Beginning with the line of the entries below that holds "10 Top Australian" and ending with the line that holds "5.1 Interoperability", transcribe each line exactly as written. Pictures stay out.

EXERCISE MATERIALS –
|---|

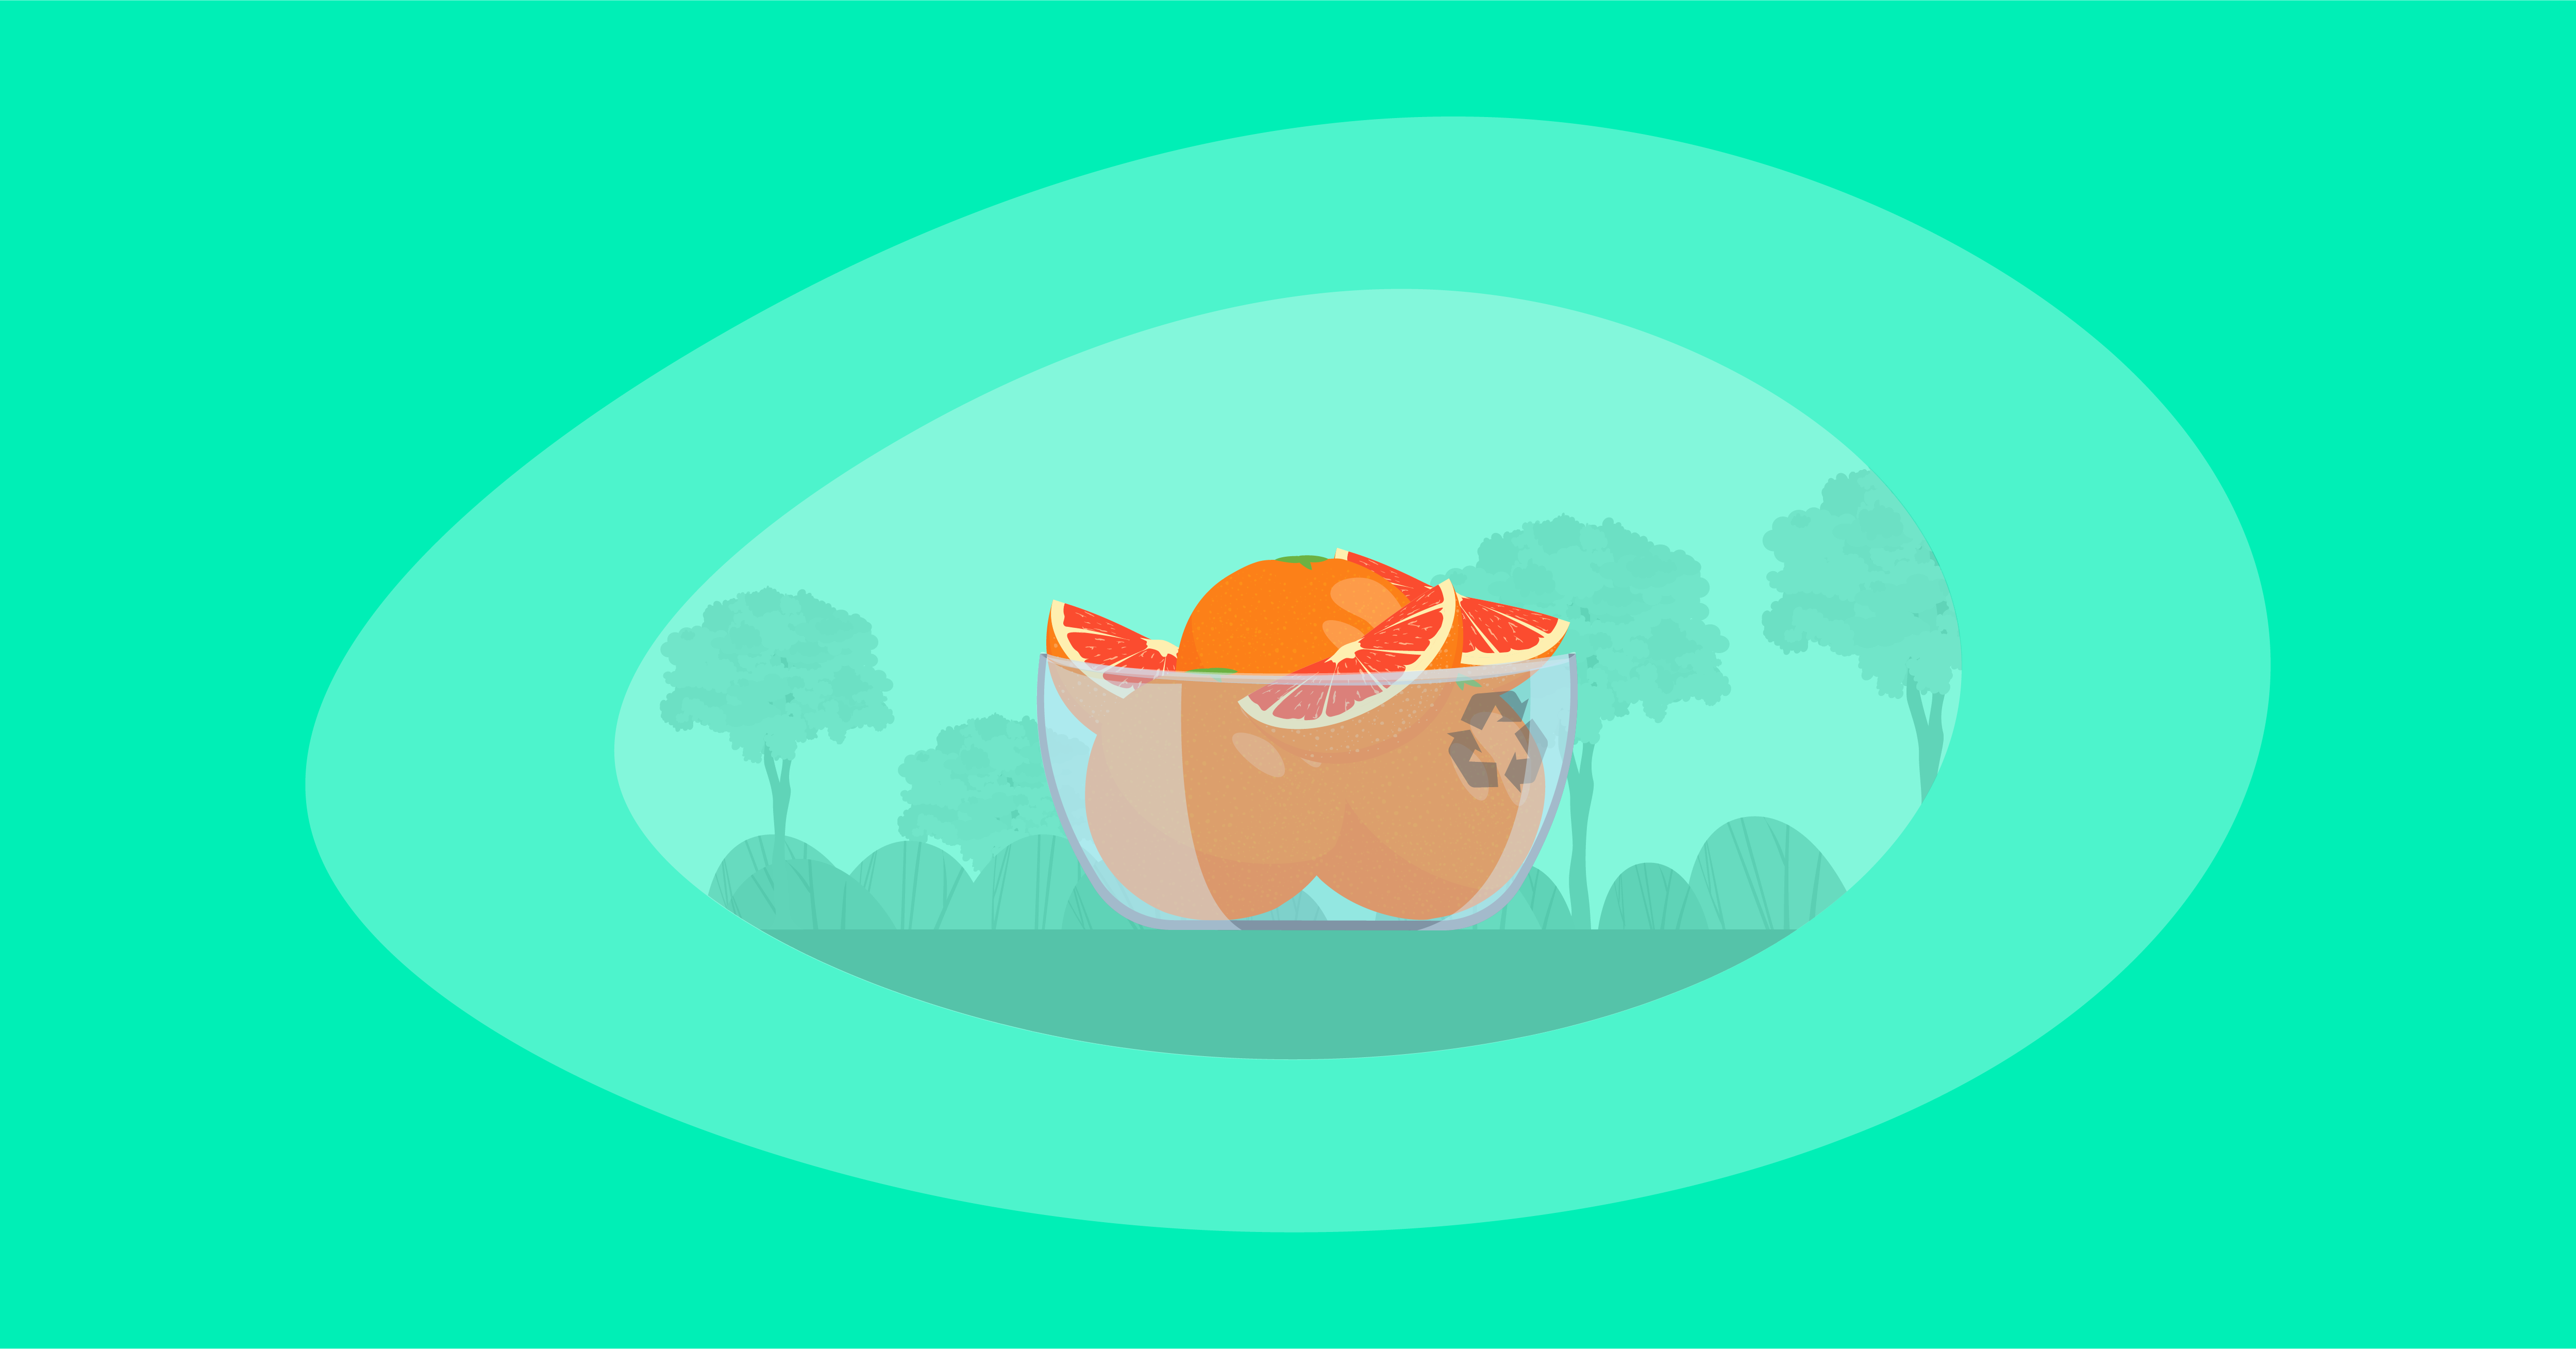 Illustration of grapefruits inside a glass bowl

|---|

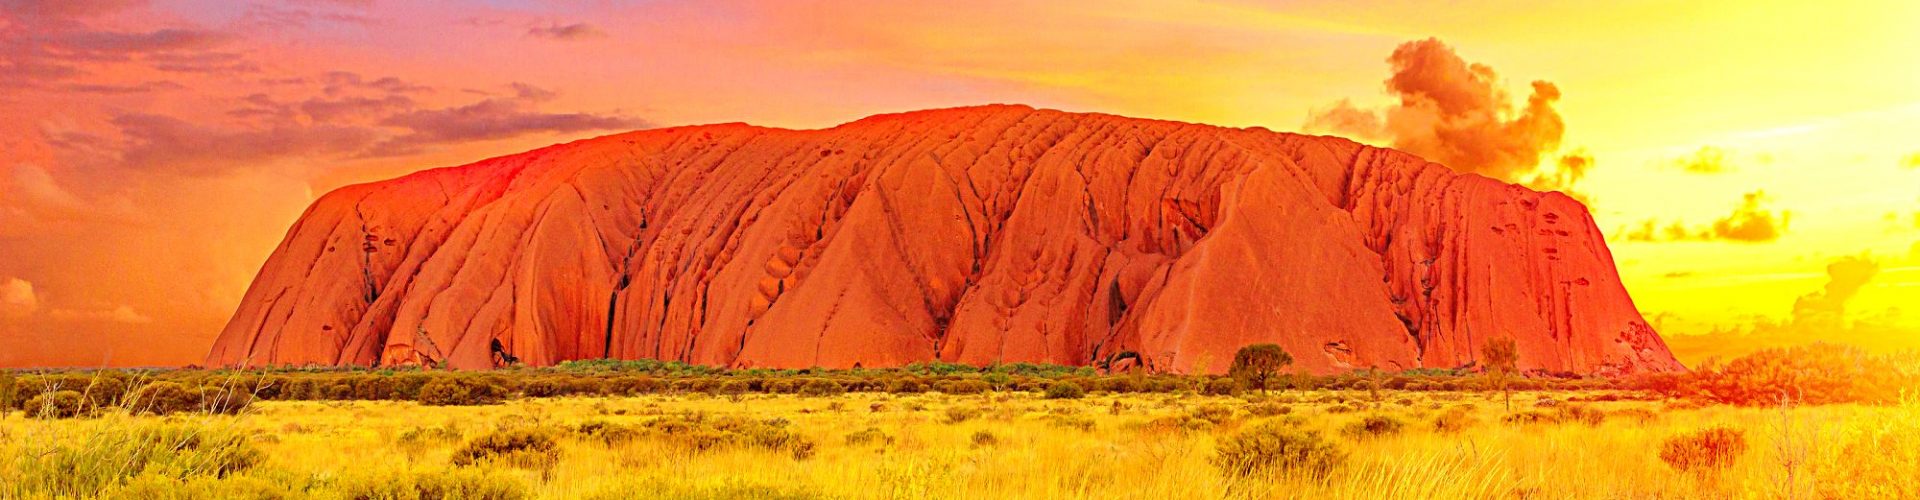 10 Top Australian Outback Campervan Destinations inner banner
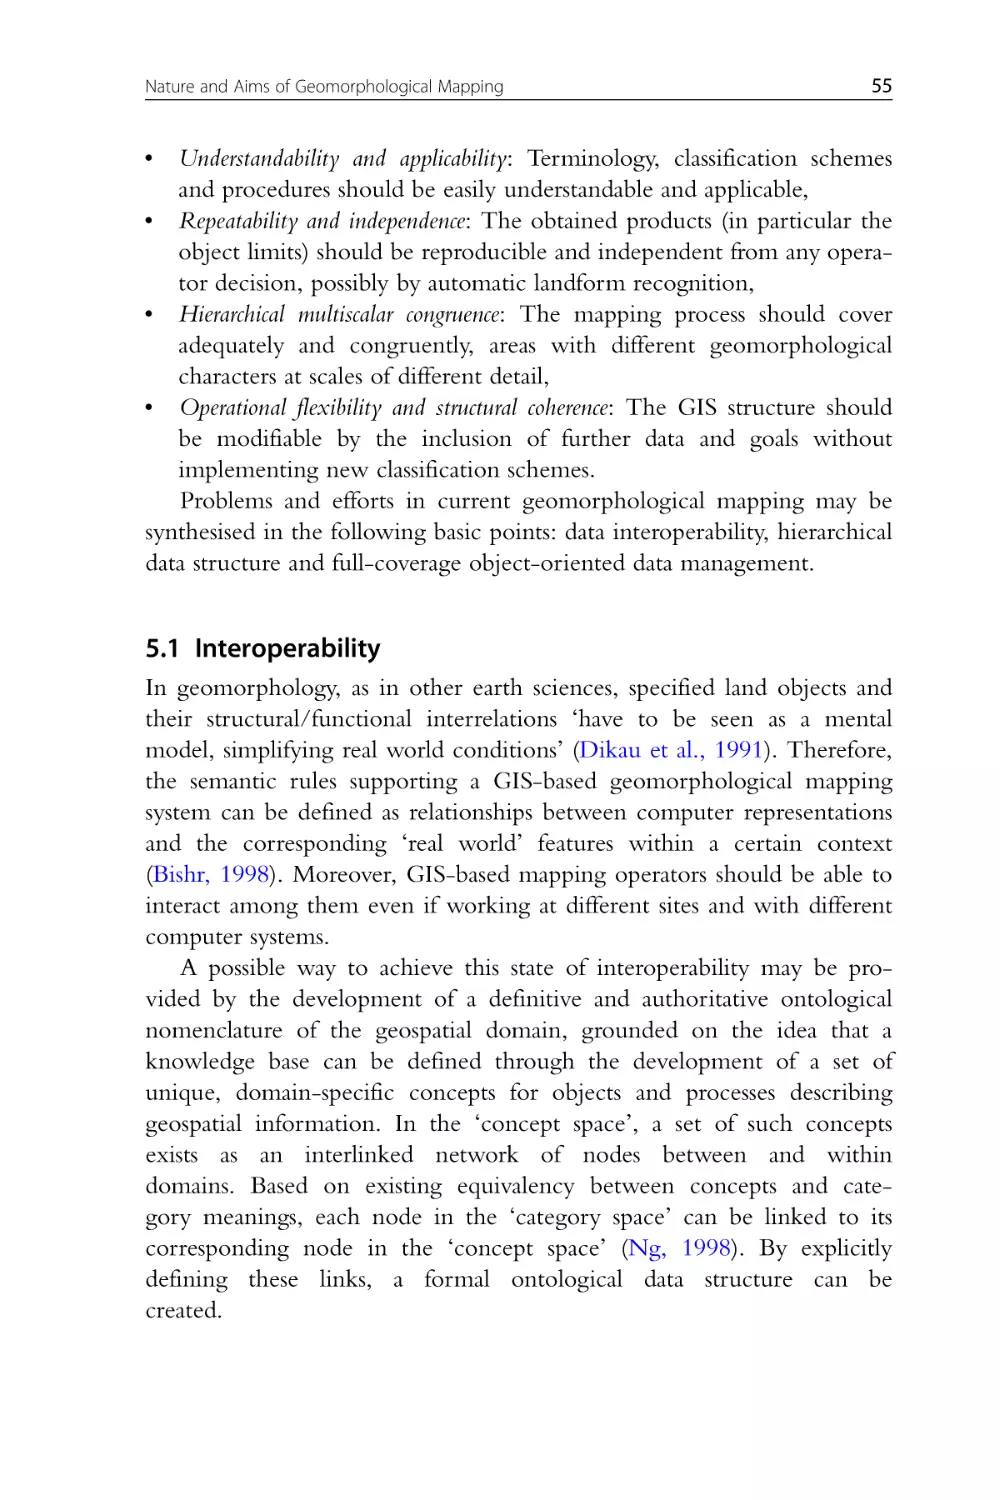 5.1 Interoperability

|---|

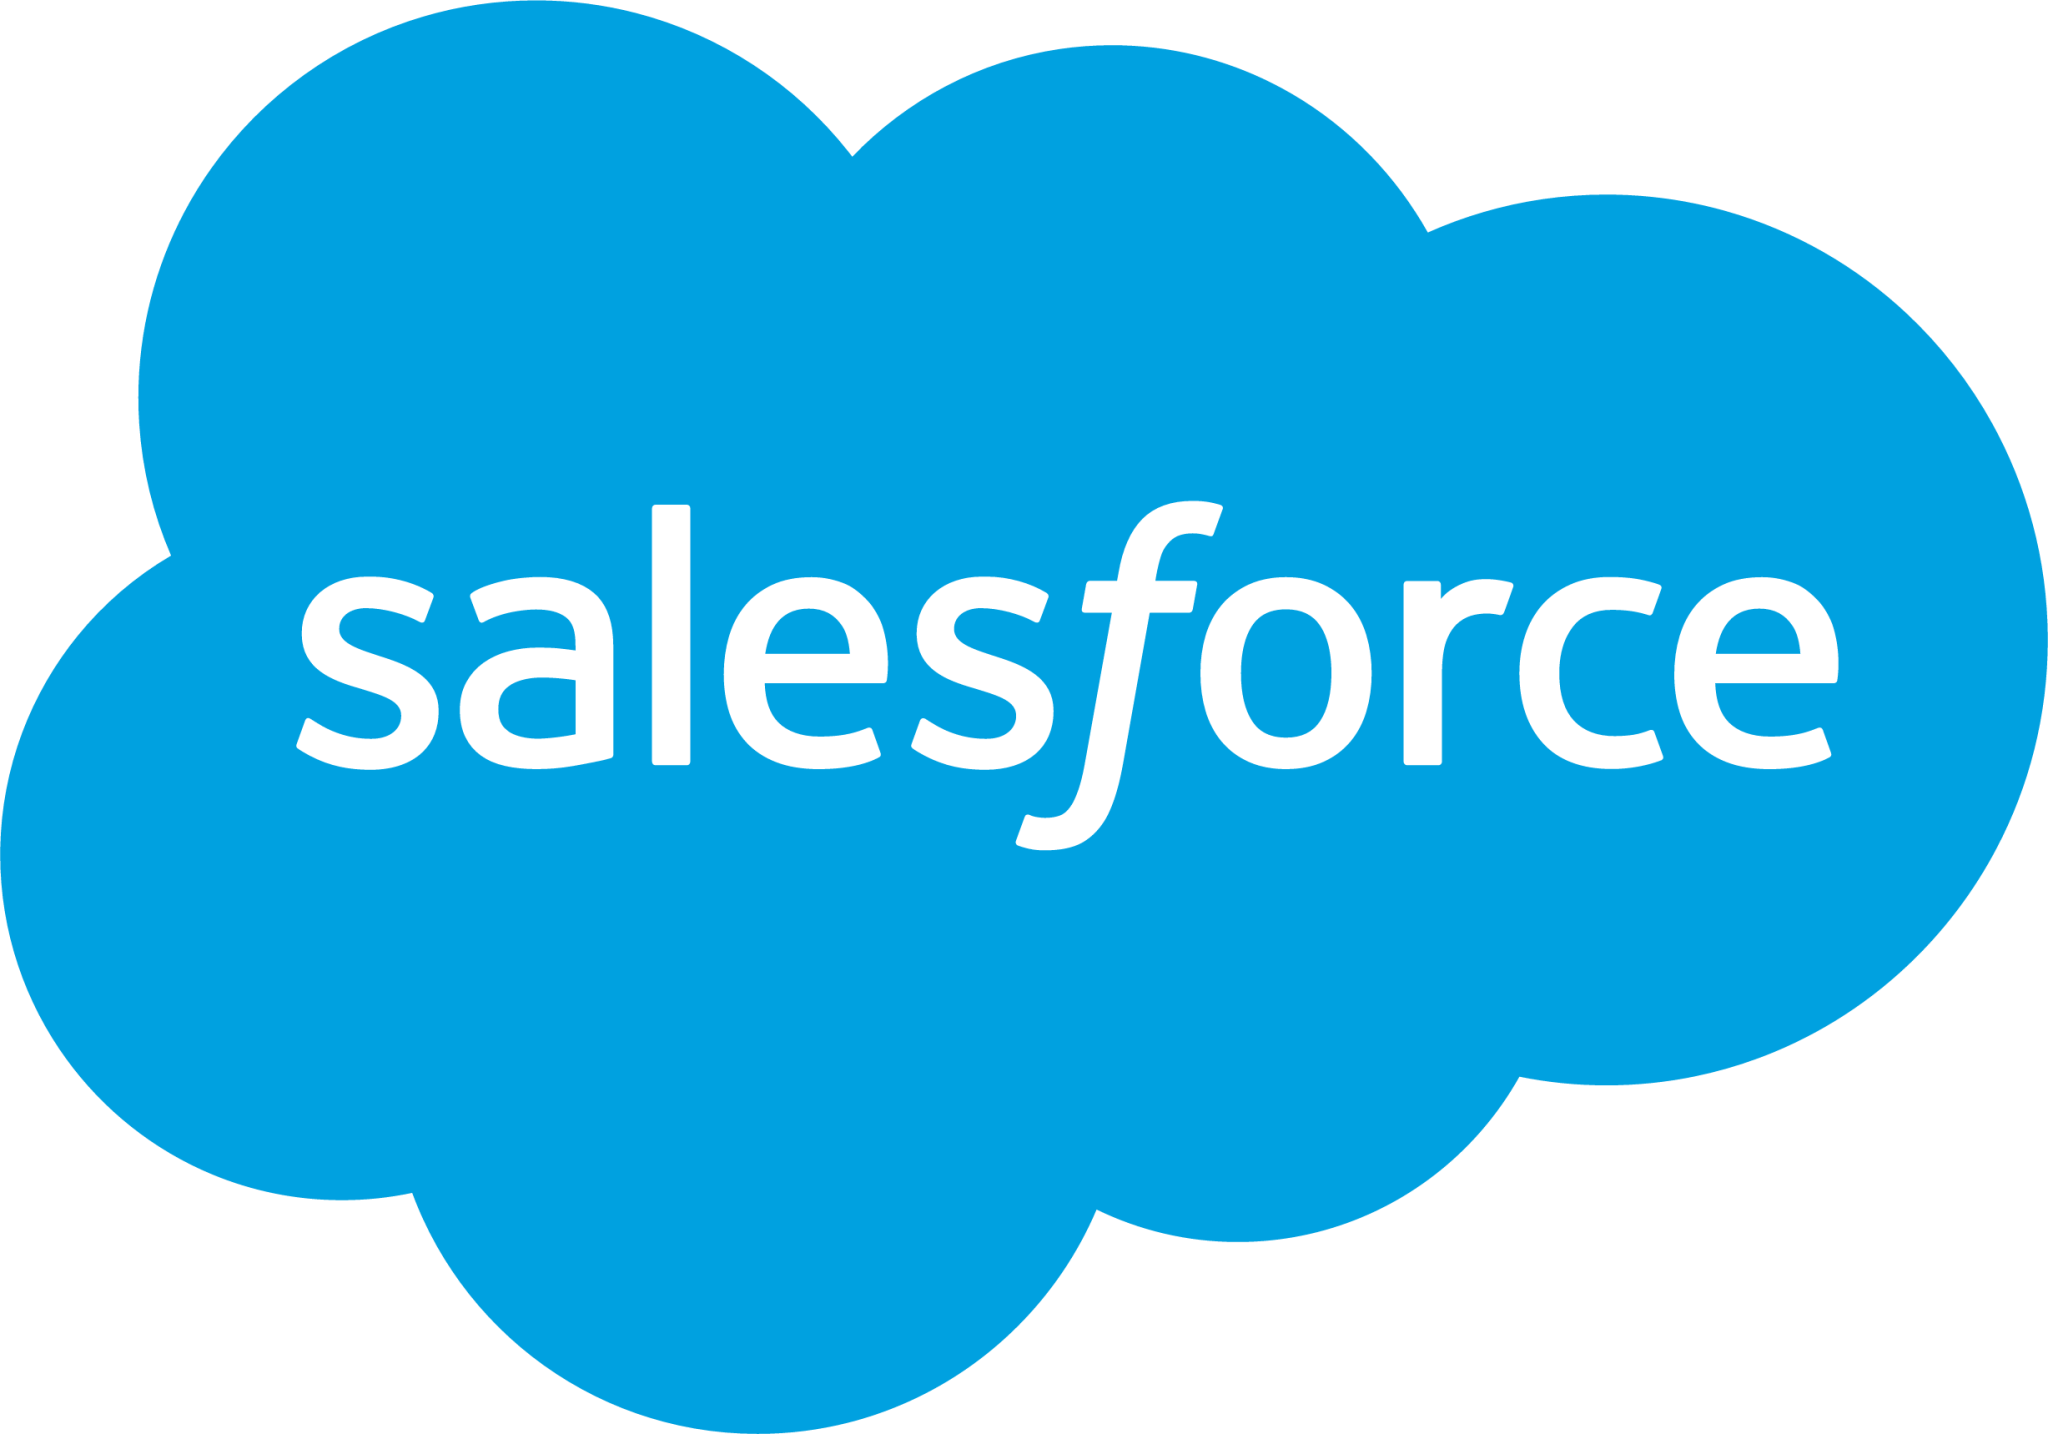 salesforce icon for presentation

|---|

RESULT OF THE TASK –
 10 Top Australian Outback Campervan Destinations inner banner
 5.1 Interoperability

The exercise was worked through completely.